(547f) Optimal Design and Dynamic Modeling of Microtube Recuperators in an Indirect Supercritical Carbon Dioxide Recompression Brayton Power Cycle

Supercritical carbon dioxide (sCO₂) has strong potential as the working fluid for power generation cycles because of the potential for high efficiency, compact equipment, and lower costs. For instance, the highly-recuperated recompression Brayton cycle will use compact recuperators, rather than conventional shell-and-tube heat exchangers, resulting in a lower capital cost and footprint for the sCO₂ application. In the sCO₂ Brayton cycle, the overall thermal efficiency strongly depends on the design and performance of the recuperators because of the smaller cycle pressure ratio and the higher temperature of the turbine outlet stream exchanging heat with the cooler, compressed CO₂ entering the turbine inlet. Thus, the compact recuperator design is important. Furthermore, modeling the dynamic behavior is particularly important with regards to its impact within the cycle model for analyzing systems control and operation. It is also noted that the transport and thermodynamic properties of CO₂ vary considerably near its critical and pseudo-critical points, which makes most of the design approach and conventional thermal-hydraulic correlations based on the constant property assumption not suitable. Hence, instead of using conventional heat exchanger models available in commercial process modeling software, customized models must be developed.
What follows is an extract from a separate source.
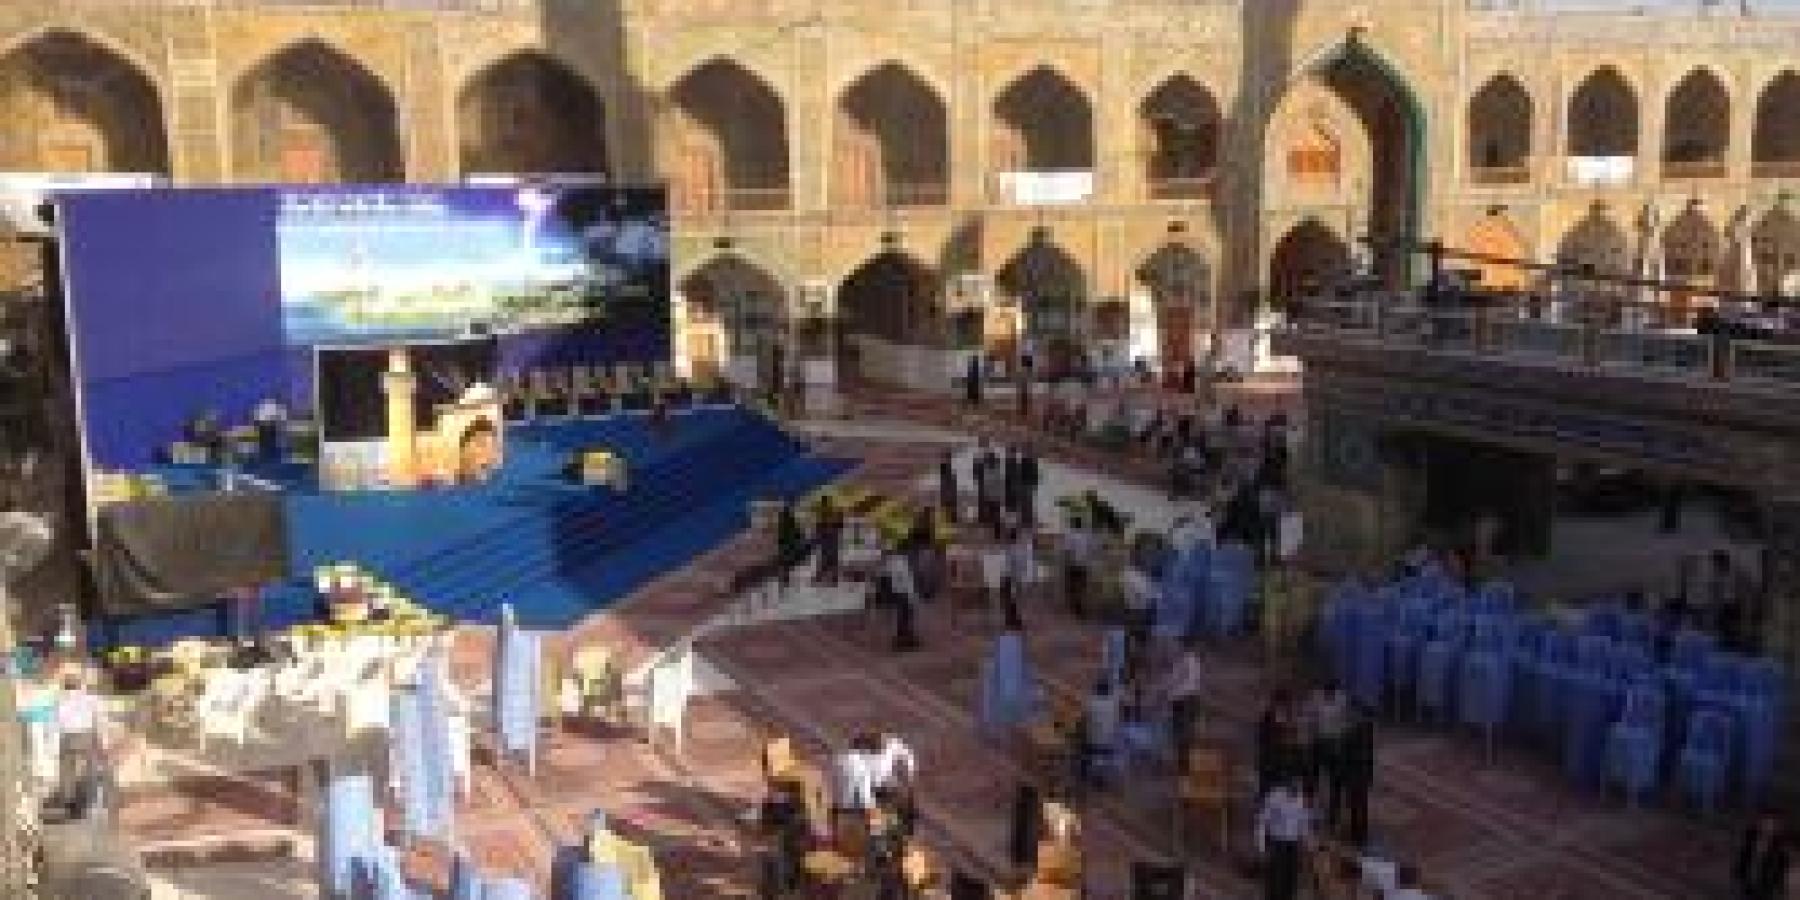 وضع اللمسات الأخيرة للمنصة الرئيسية الخاصة بانطلاق افتتاح فعاليات مهرجان الغدير العالمي الثالث

With this motivation, a rigorous design model has been developed using Aspen Custom Modeler for high-temperature and low-temperature microtube recuperators in an indirect sCO₂ Brayton recompression cycle with improved steady-state economic characteristics and preferred dynamic performance characteristics. Additionally, a dynamic model has been developed to simulate the operating conditions spanning normal design point, to startup, shut down and other off-design conditions. This model is imported to a system-level dynamic model of the entire sCO₂ Brayton cycle to improve simulation accuracy when investigating the system dynamic behavior and developing advanced control strategies. In both models, the recuperators are discretized along the axes to handle the changing properties, and simulated with rigorous thermal-hydraulic correlations and commercially available microtube sizes. In this presentation, we will focus on the following aspects: (1) one-dimensional steady-state design approach of the recuperators in sCO₂ Brayton cycle, (2) design optimization for better economics along with superior dynamic characteristics by considering various objectives such as maximization of the heat transfer area, maximization of the compactness, minimization of the metal mass, minimization of the thermal residence time, by using successive quadratic programming algorithm, (3) sensitivity studies of different values of the design parameters, such as minimum temperature approach and maximum allowable pressure drop, which highly impact the thermal efficiency and the economic performance of the entire sCO₂ Brayton cycle, (4) two-dimensional dynamic model of the recuperators spanning both design and off-design conditions, and (5) re-design to obtain superior transient response of the recuperators.